Bass & Flinders, the Peninsula’s first commercial distillery, has its 15th birthday in 2024, and managing director Holly Klintworth is proud to be one of this country’s very few second-generation distillers. Chief’s Son, the award-winning whisky distillery in Somerville, turned 10 in 2023; and Dromana distillery JimmyRum turns five next year. For those of us who have been observing and writing about the drinks scene in Australia for decades, it only feels like yesterday that the craft spirits boom began. We can remember when these places were brand new, and yet here we are celebrating with them.

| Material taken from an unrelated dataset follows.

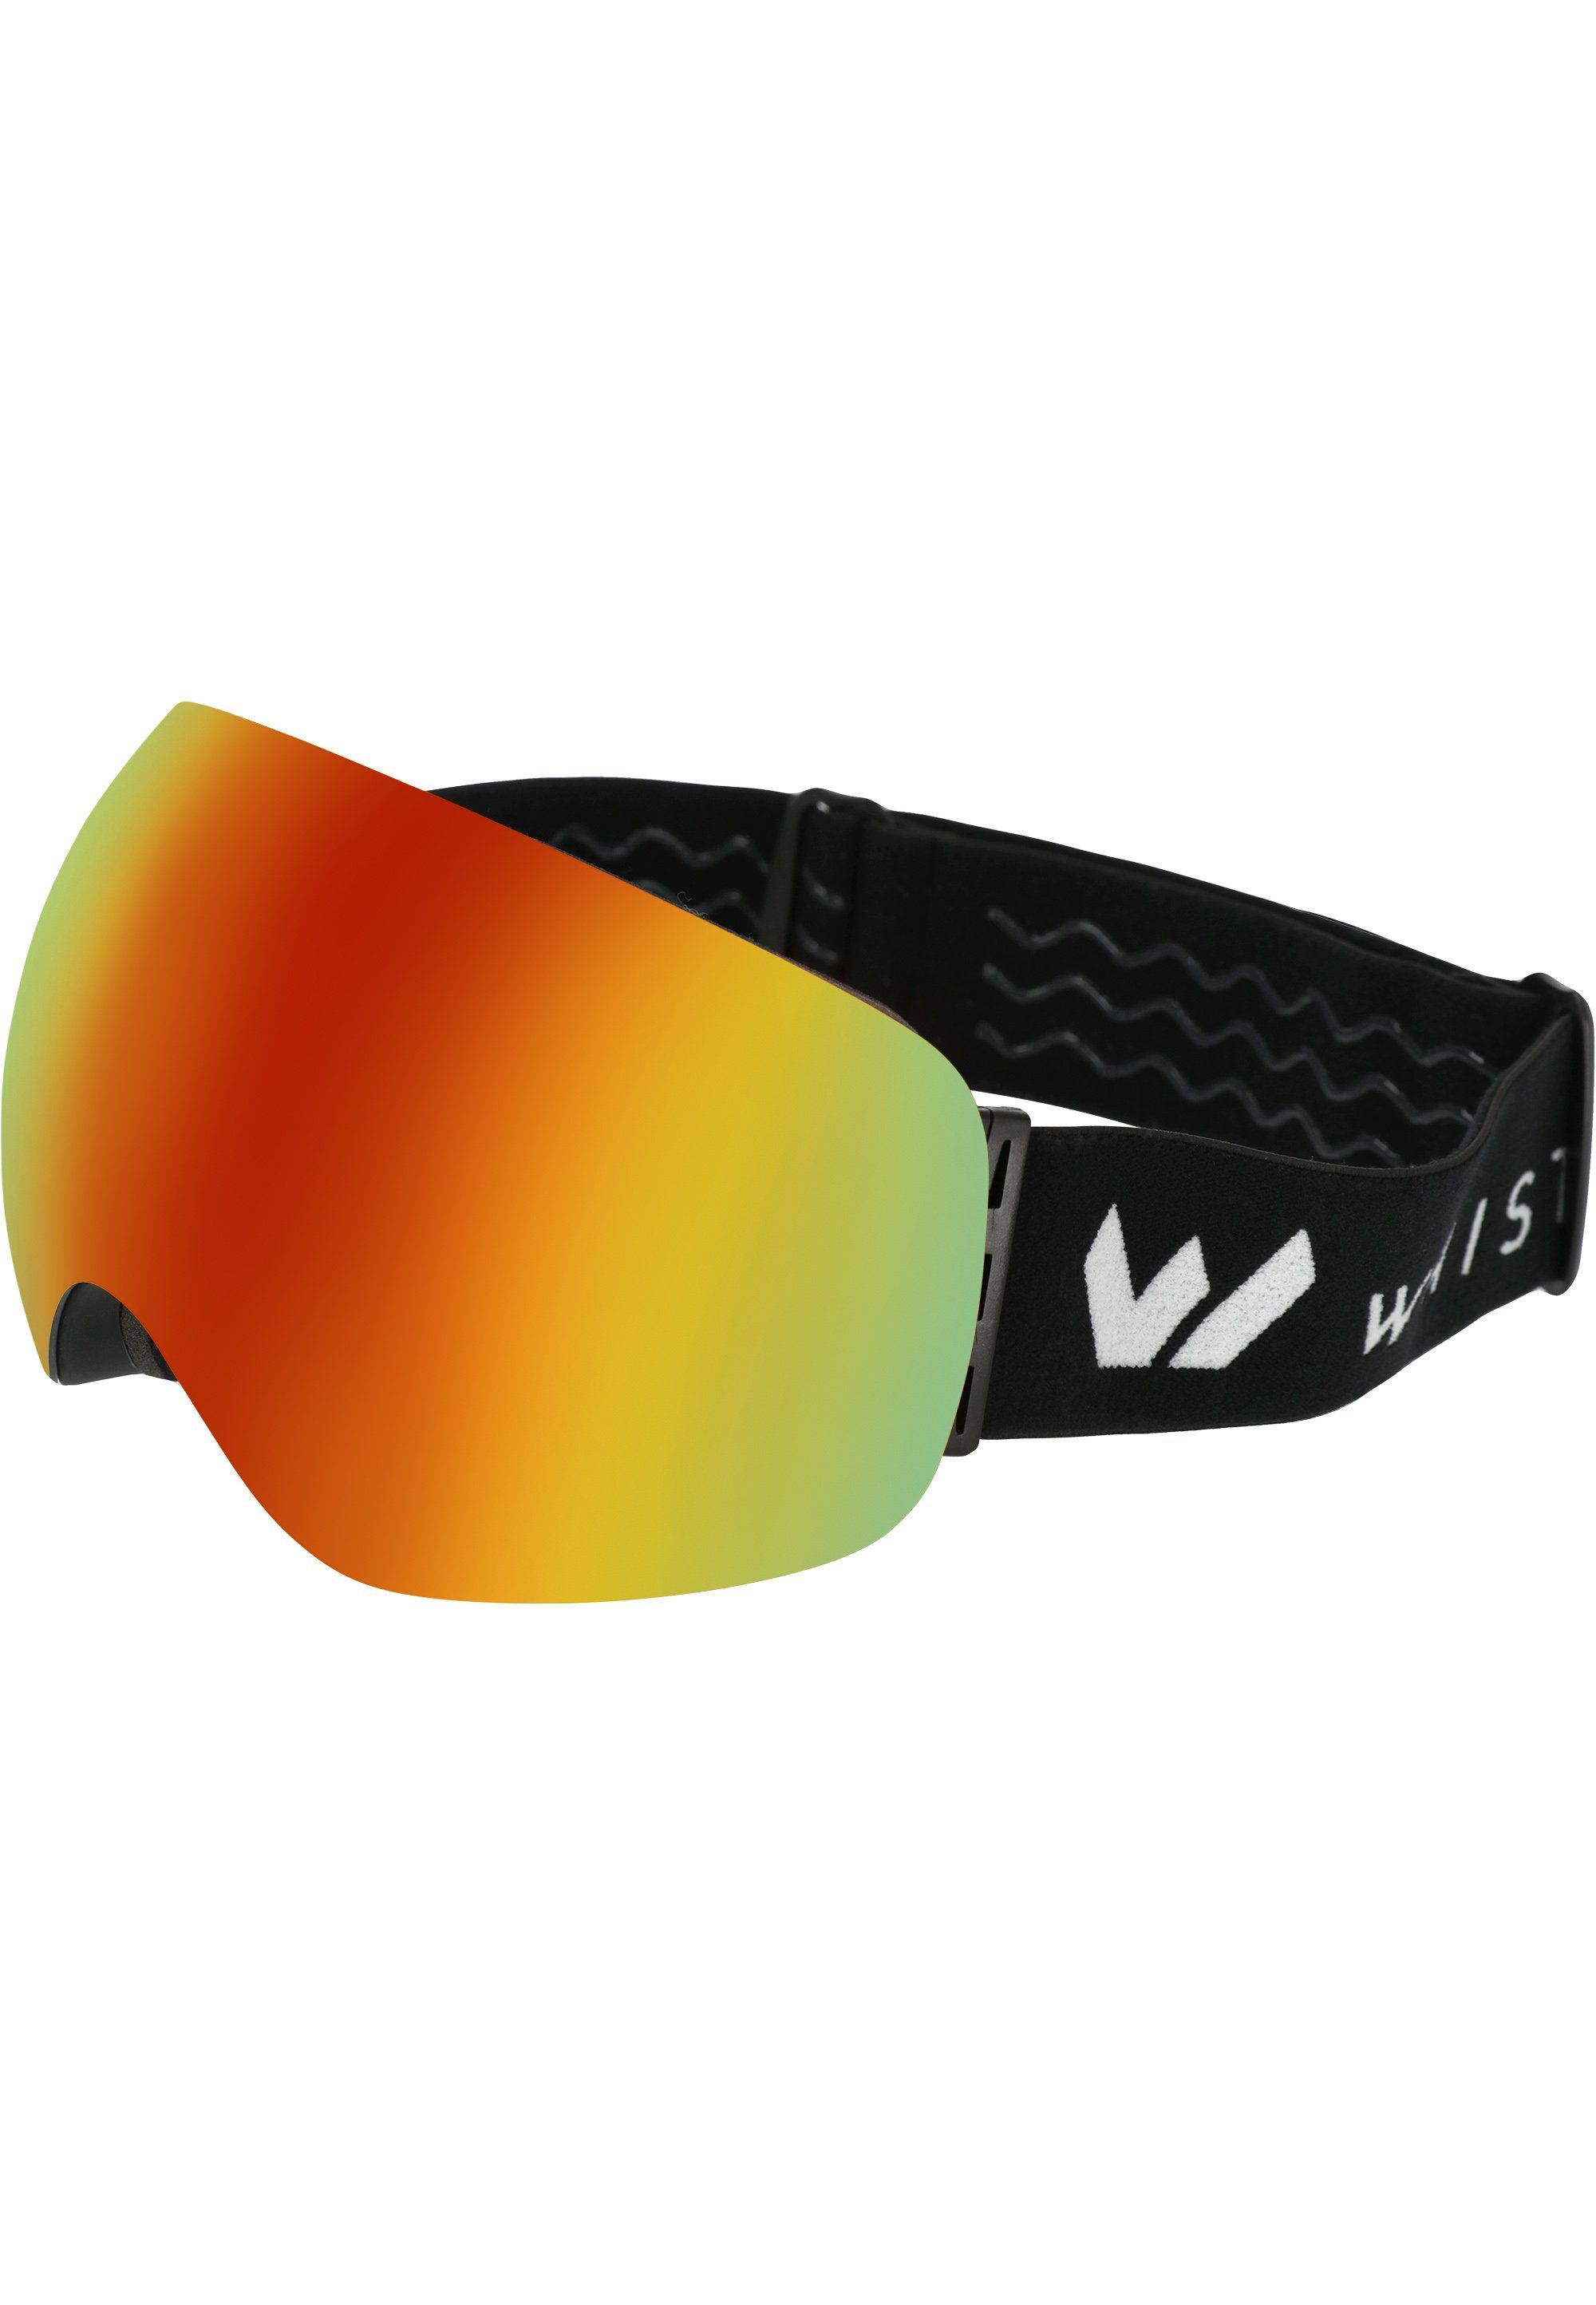 Skibrille WS6100, Anti-Fog-Beschichtung schwarz-gelb WHISTLER mit praktischer
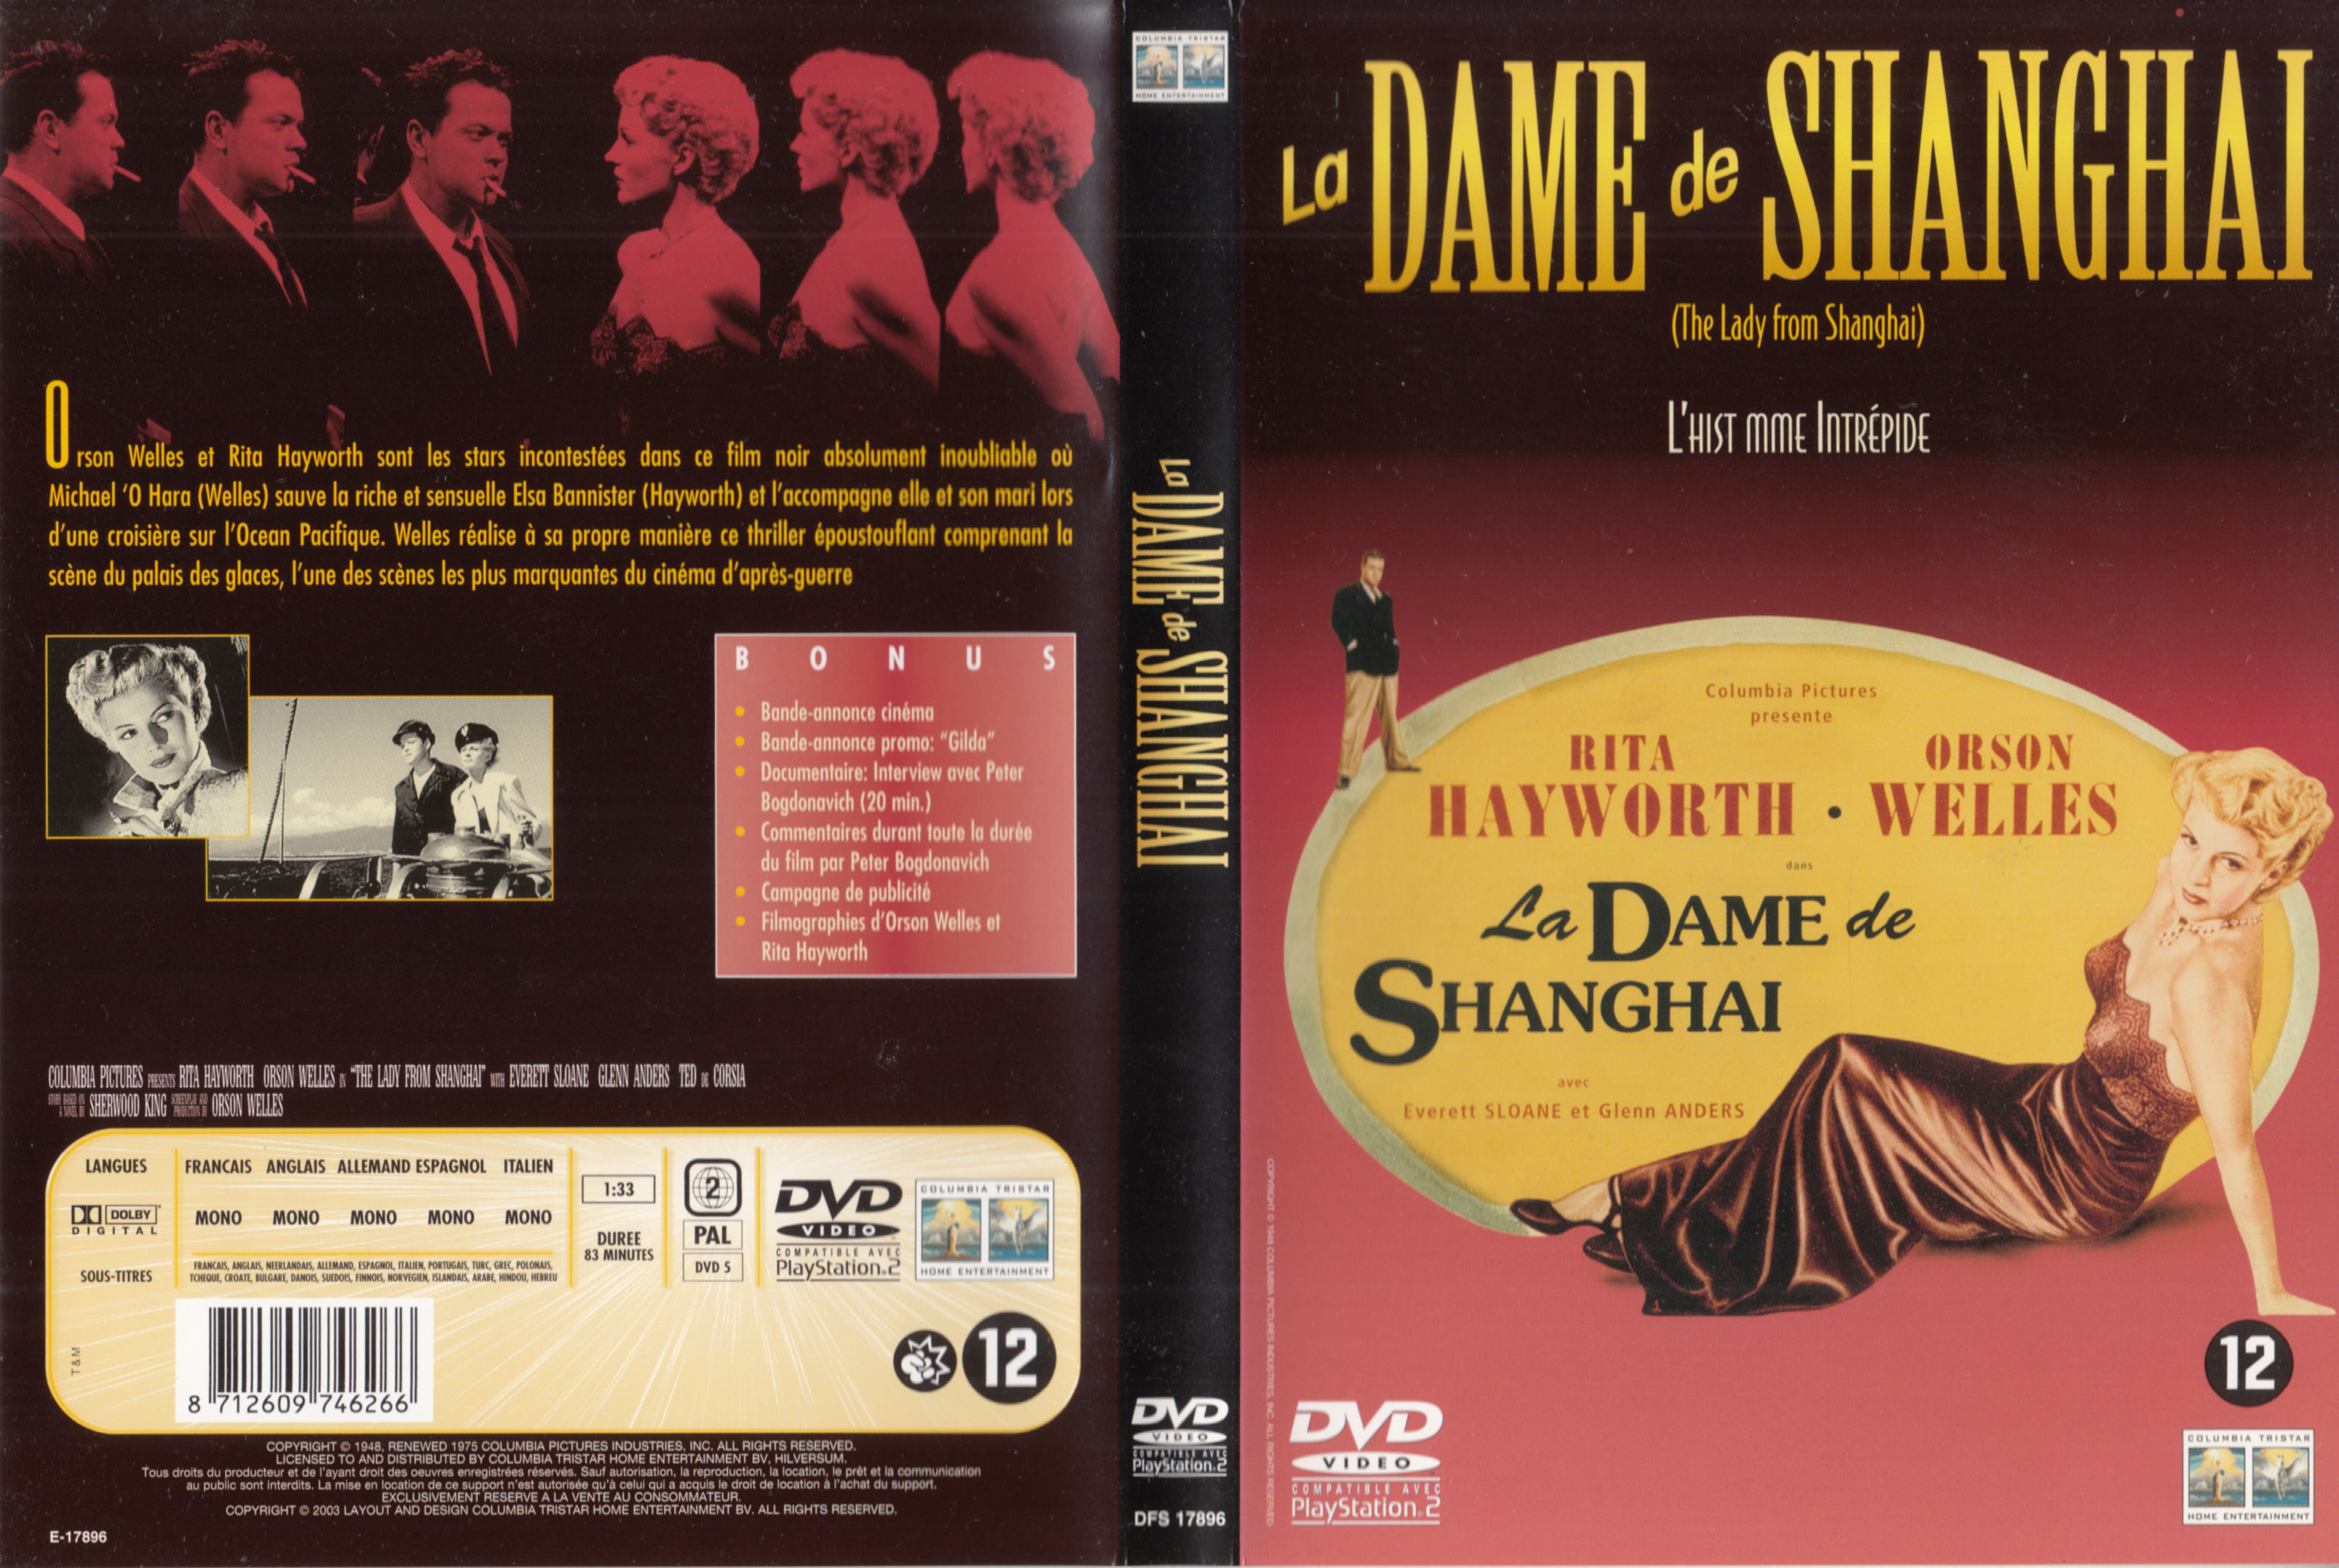 Jaquette DVD La dame de shanghai v2

It's a similar story with the region’s burgeoning craft beer scene, which dates to the mid-2000s when Karen and David Golding established Red Hill Brewery and the Hickinbotham wine family set up their Hix microbrewery at their cellar door. And while most of the Peninsula’s cider brands, such as Eddies and Mock, may have appeared in the past decade or so, the tradition of sustainable apple-growing and orcharding in the region in fact dates back much further. The certified organic Edwards family have been farming at Red Hill for six generations, and the Mock family, orchardists since the 1890s, will be celebrating 50 years of Demeter-certified biodynamic farming in 2024, making them long-term practitioners of sustainability.

Back at the tanderrum, Uncle Alvin is explaining long-term thinking in another way to the assembled wine crowd as the leaves smoulder and the air becomes rich with their scent.

“When you walk through the smoke, you’ll be acknowledging that you’re going to follow the rules of the land, Bunjil’s rules (Bunjil the wedgetailed eagle is the creator being of the Bunurong). There are two rules: one is to look after the land and the waters, and the other one is to look after the children. We always talk about family, because this land is our family.”

MAX ALLEN

Max Allen (opposite page top right) is an award-winning wine and drinks writer, and a columnist for the Australian Financial Review and JancisRobinson.com. His latest book is Alternative Reality: how Australian wine changed course (Melbourne Books).